Document content parsing provides both synchronous and asynchronous interfaces. Due to the risk of HTTP timeout, synchronous interfaces are not recommended for production environments and can be used for debugging. Asynchronous interfaces are recommended for production environments and involve two steps: first, create an asynchronous extraction task to obtain the task_id, then call the asynchronous task retrieval interface to continuously query the status until the task is completed.

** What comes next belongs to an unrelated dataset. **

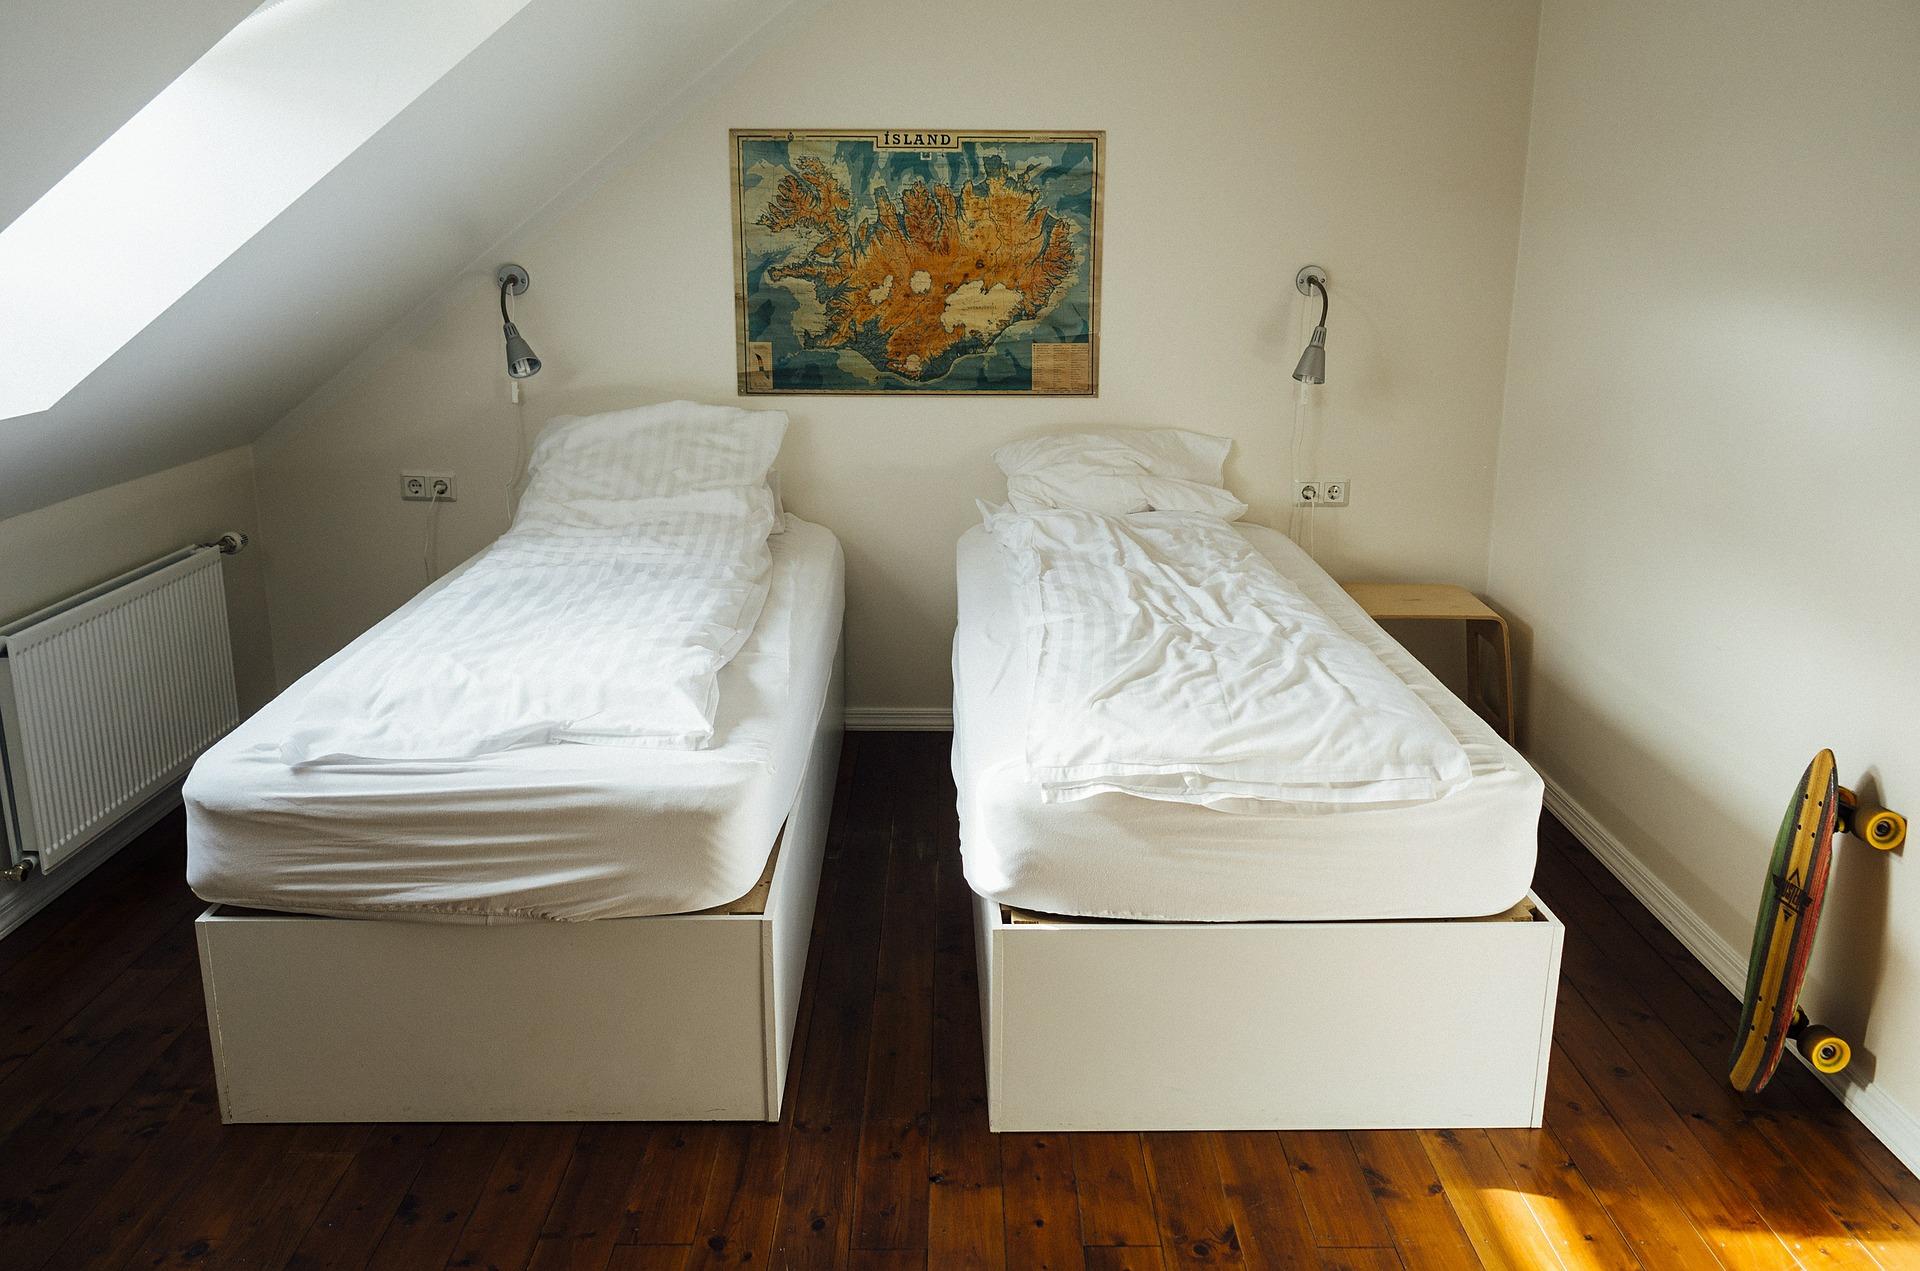 bedroom-413706_1920.jpg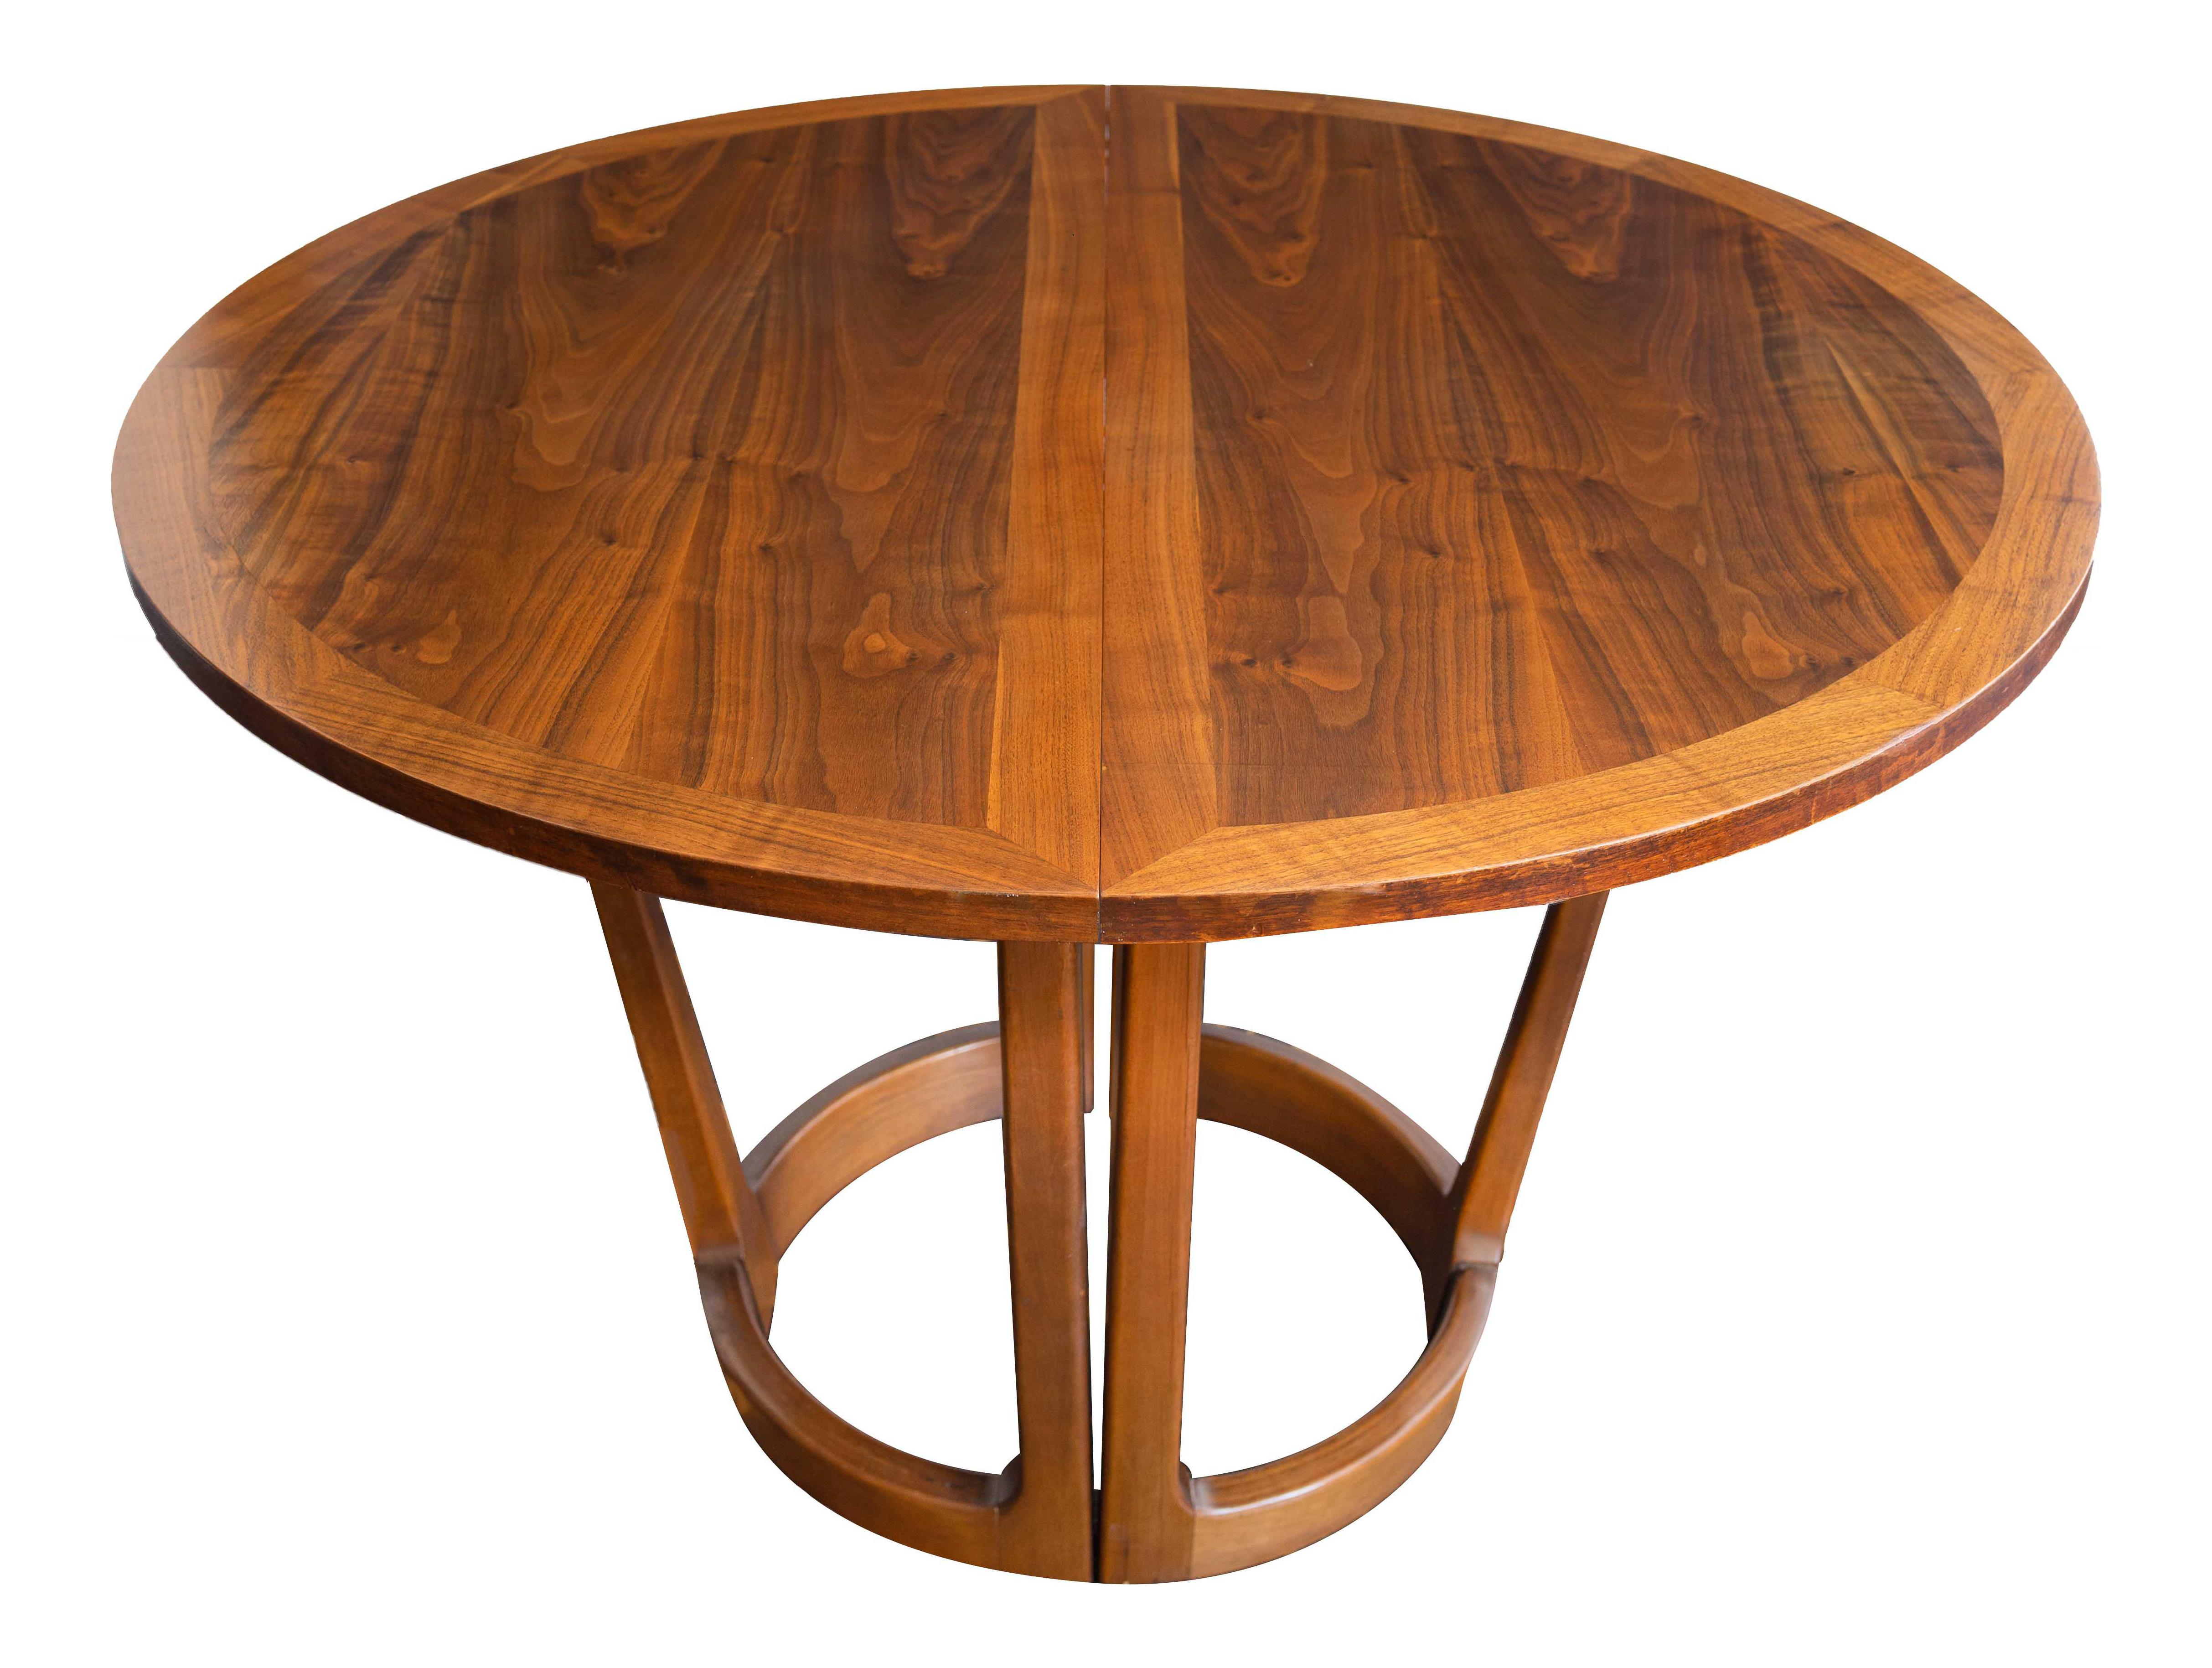 Vintage Mid Century Lane Rhythm Expandable Round Dining Table Chairish

Create an asynchronous extraction task

Request method

POST

URL

{host}/v3/openapi/workspaces/{workspace_name}/document-analyze/{service_id}/async
  • host: the address for invoking the service. You can call an API service over the Internet or a VPC. For more information, see Get service registration address.

  • workspace_name: the name of the workspace, such as default.

  • service_id: the built-in service ID, such as ops-document-analyze-001.

Request parameters

Header parameters

API key authentication

Parameter

Type

Required

Description

Example

Content-Type

String

Yes

The request type. Valid values: application and json.

application/json

Authorization

String

Yes

The API key.

Bearer OS-d1**2a

Body parameters

Parameter

Type

Required

Description

Example

service_id

String

Yes

The built-in service ID.

ops-document-analyze-001

document.url

String

No

The document URL. Valid values: HTTP and HTTPS protocols. Ensure that the URL can be downloaded statelessly from the public network.

Either document.content or document.url is required.

http://opensearch-shanghai.oss-cn-shanghai.aliyuncs.com/chatos/***/file-parser/samples/GB10767.pdf

document.content

String

No

The document content encoded in Base64.

Either document.content or document.url is required.

"aGVsbG8gd29ybGQ="

document.file_name

String

No

The document name. If you leave this parameter empty, the name can be inferred from the URL. If you leave this parameter and the document.url parameter empty, the document name needs to be explicitly specified.

test.pdf

document.file_type

String

No

The document type. If you leave this parameter empty, the document type can be inferred from the suffix of the document name. If it cannot be inferred, the document type needs to be explicitly specified. The supported document types include TXT, PDF, HTML, DOC, DOCX, PPT, and PPTX.

pdf

output.image_storage

String

No

The image storage method.

  • base64: the default method.

  • url: The URL is valid for 3 days.

url

strategy.enable_semantic

Boolean

No

Specifies whether to enable semantic hierachy extraction during parsing of TXT documents or documents with unclear hierarchical structure. Valid values:

  • true: After you enable this feature, the model service will return the document in a Markdown hierarchical format, which helps to improve the accuracy of subsequent document slicing.

    • This feature does not support documents of the HTML, PPT, and PPTX types.

    • After you enable this feature, the overall document parsing time will increase. Parsing times exceeding 400 seconds or super-long documents (over 100 pages) may result in the system automatically disabling the feature.

    • The usage billing parameter will include semantic_token_count to display the number of tokens used by the model, with charges based on this token count.

  • false: the default value.

false

For documents without clear distinction between the table of contents and the main text, semantic hierachy extraction makes the hierarchical structure in the results more accurate.

Note

If a value is returned for the usage.semantic_token_count parameter, semantic hierachy extraction is enabled and you are billed for the semantic token consumption. No return value indicates that the feature fails and you are not billed.

You can estimate the time and token consumption after enabling semantic hierachy extraction based on the following table.

PDF pages

Token count

Without semantic hierachy extraction

With semantic hierachy extraction

Time (s)

Time (s)

Semantic token

7

11,504

2

49

36,243

25

10,375

1

33

59,332

42

41,435

5

68

130,717

Response parameters

Parameter

Type

Description

Example

result.task_id

String

The ID of the document parsing asynchronous task.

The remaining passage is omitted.